Deal Gary, but not maiden it yet so it will take some time.
This was a shoot with the hexa with wiredampers, camera GH2 on PH-AV130 with the picloc Pro, for sure the CS3 with the Radian's will better this.
The maiden will be any day now
Mario, that is one sexy beast!
Do you plan to make it available for sale in the US? What's the price for the frame? And are you using MK electronics? And what camera gimbal?
Looks like a ZeroUAV GPS on the top... guessing they are going with the Y6 FC from them.
Like josh said, this one is using the YS-X6 FC but the frame also support standard DJI and MK FC's, no MK ESC's though, they are to weak for this kind of power (33,6Kg total lift), mount is the CS3/Radian3, it's designed for lifting RED Epic camera's.
Whoa....that's 74 pounds in Fahrenheit....
Don't tell the FAA.
What is a good starting gain for the Sony 730 for pan / roll and tilt on the CS3 whit the Radian's?

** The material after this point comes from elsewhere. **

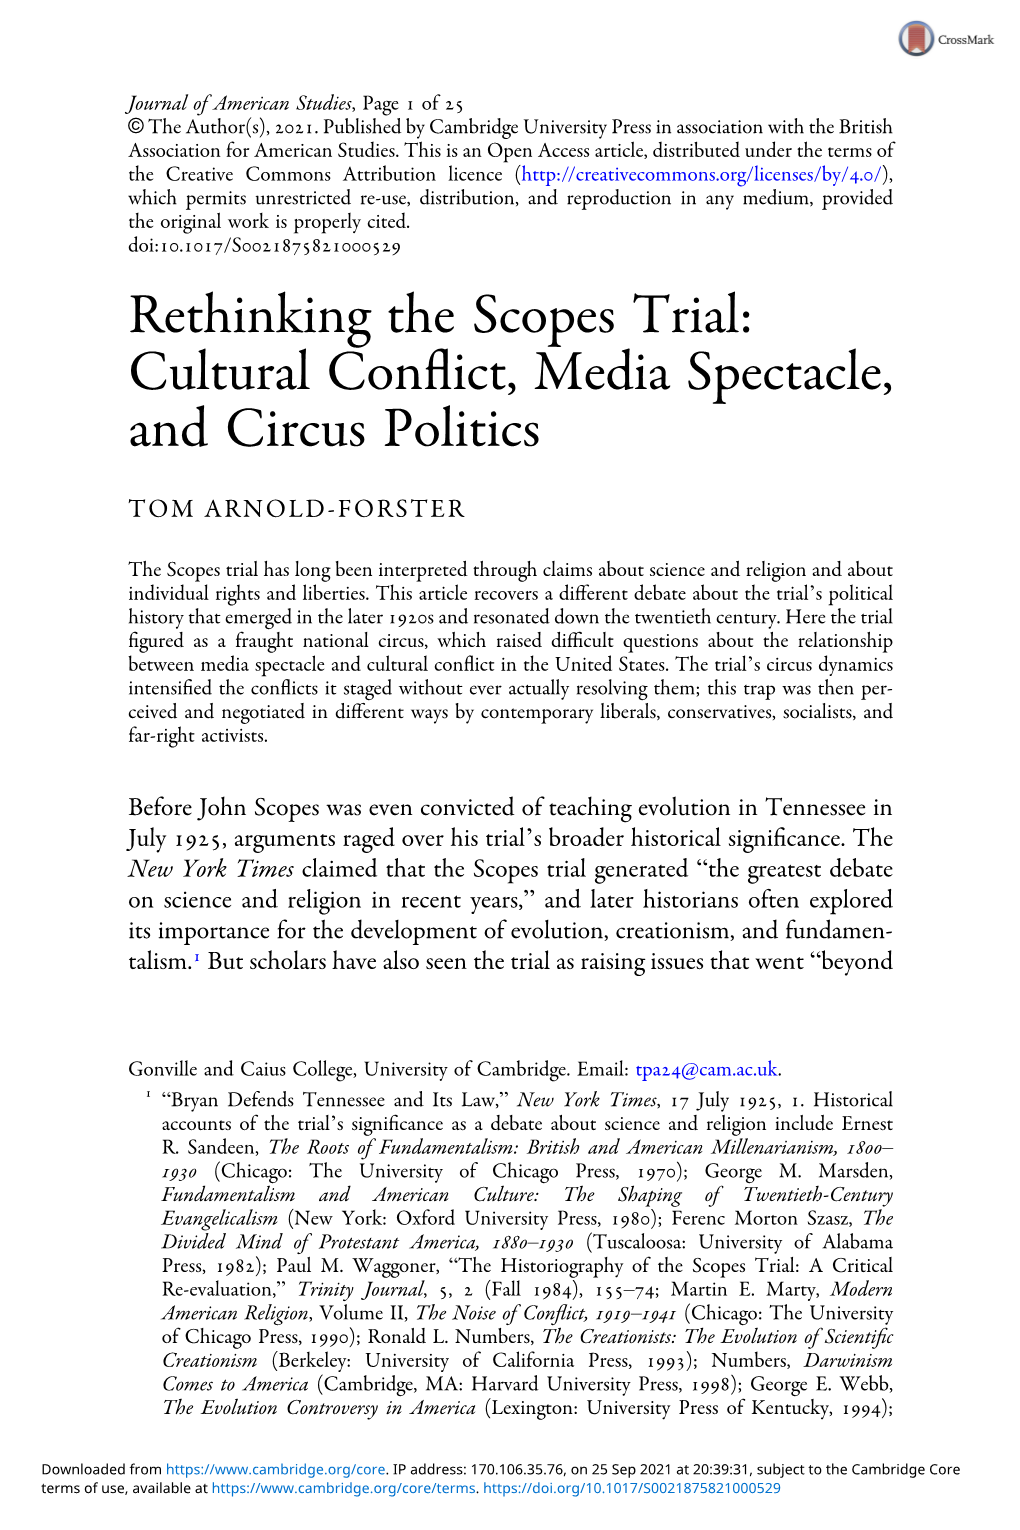 Rethinking the Scopes Trial: Cultural Conﬂict, Media Spectacle, and Circus Politics
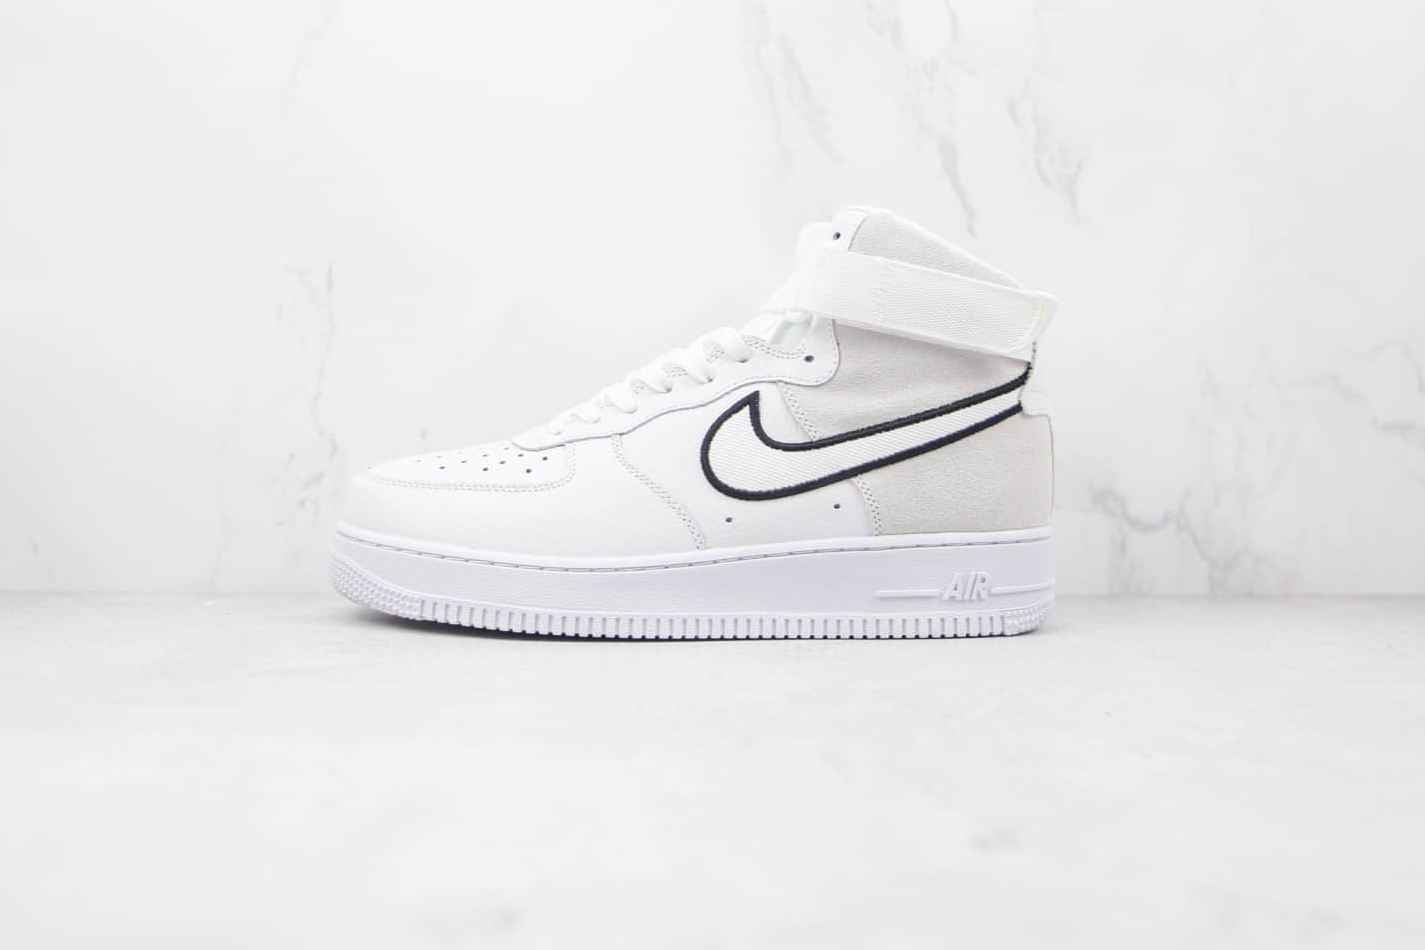 Nike Air Force 1 High 'White Vast Grey' AO2442-100 | Buy Authentic Shoes Online

It depends on many factors such as mass of the camera, balancing, etc. If we are still talking about the CX760, Id start at the defaults and move up if you see any kind of lag in the movement. With the BOSS stabilization you'll find a wide range of gains are possible. Tuning cameras without stabilization is will take a little more fine tuning.
Ok default it is, but pan is on default and slowly drifting when I hang the copter with rope's on the sealing, is this normal or must I raise the gain?
The Radians calibrate for the first 2 or 3 seconds on power up. During this time they have to be stable. If you hang the gimbal and then power up the Radians you will get movement. So.. Yes.. this is normal if you powered up the Radians while they werent perfectly still. Power up on the table/floor and then hang the gimbal.
Thank's, didn't know that.
Maiden of the Kratos, Radian's are looking good, roll need some tuning though.
YS-X6 and radian's all on default so nothing is tuned yet.
Mario, this is Josh Kornoff from Allied Drones. We have never met, so I am surprised and highly offended that you would say something like this about another organization. Why would you say something like this?
1. The Live Wire mount works/worked very well. We no longer manufacture it for a multitude of reasons, none of which have anything to finding the "right combination" as you say. This couldn't be further from the truth.
2. We do not "copy" other peoples designs, thank you. The basic wire rope isolator has been around for a very long time here in Hollywood and can be found on practically any good hothead camera mount I have used for the past 15 years. This concept is nothing new. I apologize directly to you if you are the original inventor of this great style of isolator! They work great!
In the future, I hope you would be less quick to offer your insight into other peoples business and concentrate instead on improving your own work.